Telle est la situation diabolique dans laquelle se trouve Zoe (Jessica Raine) dans Deux semaines en août, un drame noir comique absolument convaincant et totalement captivant - dans le sens où « si quelqu'un ne pousse pas au moins les trois quarts de ces individus crédiblement épouvantables dans la mer bientôt, alors je vais grimper à travers l'écran et le faire moi-même », ce qui est la meilleure façon de l'être - exquisément écrit par Catherine Shepherd, impeccablement mis en scène par Tom George et Matthew Moore, et parfaitement interprété par toute la distribution.

Zoe est enseignante dans un collège, gérant sa vie avec plus de grâce sous pression que la plupart d'entre nous. Une personne naturellement attentionnée et conciliatrice - les autres personnages l'appellent une « people-pleaser », car c'est ainsi que les égoïstes voient toujours quelqu'un qui ne met pas constamment ses propres besoins en premier - elle a inscrit sa famille pour ce voyage en partie à cause des attentes de ses amis, mais aussi parce qu'une quinzaine de jours au soleil semblait être un plaisir. Une évasion temporaire de son travail et de sa mère vieillissante et exigeante, un changement pour ses deux enfants, et un peu de réconfort peut-être après avoir soutenu son mari, Dan (Damien Molony), à travers ses récentes batailles, qui sont finalement révélées, dans une brillante scène de dîner culminante, avoir été plus longues et plus dures - pour eux deux - que leurs amis ne le savaient. Bien sûr, sa mère appelle encore tous les jours, ils ne peuvent pas se permettre le voyage, et Dan l'aborde avec sa morosité désormais habituelle (« Rien de amusant n'arrive jamais quand quelqu'un dit "Ça va être amusant !" » Il a raison, évidemment, mais il a tort de le dire à sa vaillante épouse.)

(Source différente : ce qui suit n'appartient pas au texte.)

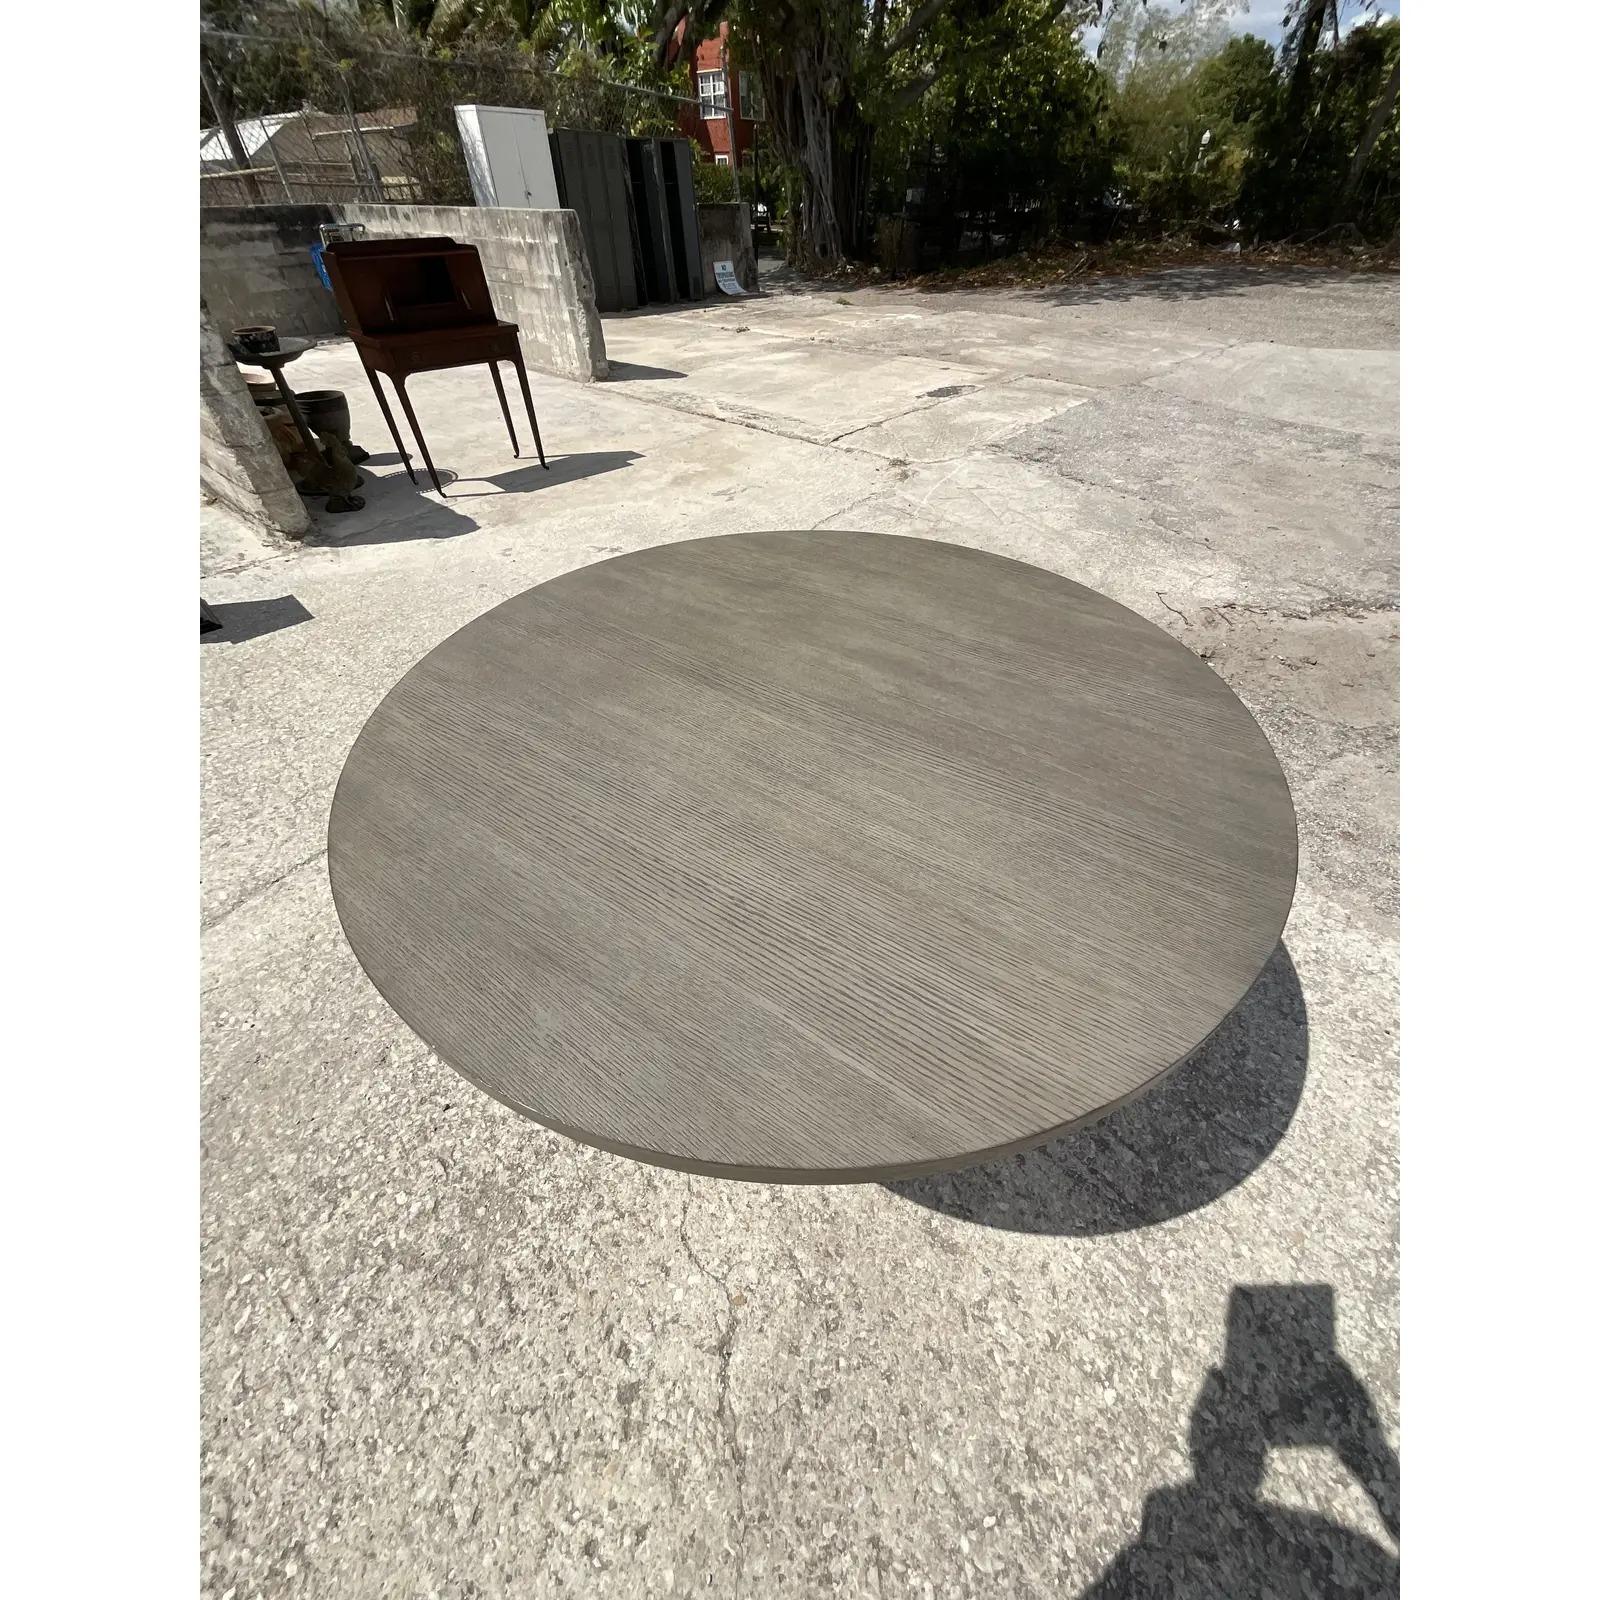 Fantastic vintage Bernhardt dining table. Beautiful Contemporary design with a matte white oak wood top and a sleek modern cast pedestal. A real chameleon that works beautiful with so many decors. Acquired from a Palm Beach estate.

Composant le reste de la bande de l'île, il y a la glamour Nat (Leila Farzad), dont le nez est déplacé quand le petit ami occasionnel de son meilleur ami gay, Jacob (Hugh Skinner), débarque à la villa ; Solomon (Nicholas Pinnock), acteur pas tout à fait en ce moment ; et la plus jeune épouse, Jess (Antonia Thomas) - elle a raflé la meilleure chambre et évite autant que possible toute dépense d'argent ou d'effort, généralement en exploitant Zoe. La nourrice têtue est Léa (Florence Banks), et est au moins ouvertement paresseuse et parasite. Les autres insistent pour parler le discours - par exemple, sur leur préoccupation pour la crise des réfugiés - sans jamais réaliser à quel point ils sont loin de même envisager de passer à l'acte. Un moment marquant survient dans le deuxième épisode, quand Jacob s'assure que le propriétaire du bateau qu'ils prennent sache qu'il travaille pour une association qui « sensibilise aux inégalités de richesse », ce qui est si parfaitement à un degré et demi d'être une association réellement utile que j'aimerai cette réplique pour toujours.

Ainsi, la scène est prête pour - tout. Ce qui suit, à travers des procédés dramatiques éprouvés (si bien faits ici qu'ils semblent frais) tels que les infidélités, les confidences excessives, la consommation de drogues récréatives, les commérages, les mésaventures nautiques, les adolescents, les scorpions, et une fête costumée dans la demeure somptueuse de l'horrible couple Flick et James (« Nous sommes venus ici pour capter l'énergie créative et nous ne sommes jamais repartis ! ») joués avec jubilation par Dolly Wells et Tom Goodman-Hill, est l'histoire de... eh bien. La décomposition de Zoe ? La libération de Zoe ? La dépression de Zoe ? L'actualisation de soi de Zoe ? Le fait que Zoe perde enfin les pédales pour que ses amis et sa famille réfléchissent à deux fois avant de prendre sans réfléchir tout ce dont ils ont besoin d'elle à chaque heure de la journée ? Tout ce qui précède, et tout cela nous est délivré à travers une performance extraordinaire de Raine, qui nous permet de voir et de comprendre chaque moment de son parcours et de ressentir, à la fin, que cela ne pouvait pas se passer autrement.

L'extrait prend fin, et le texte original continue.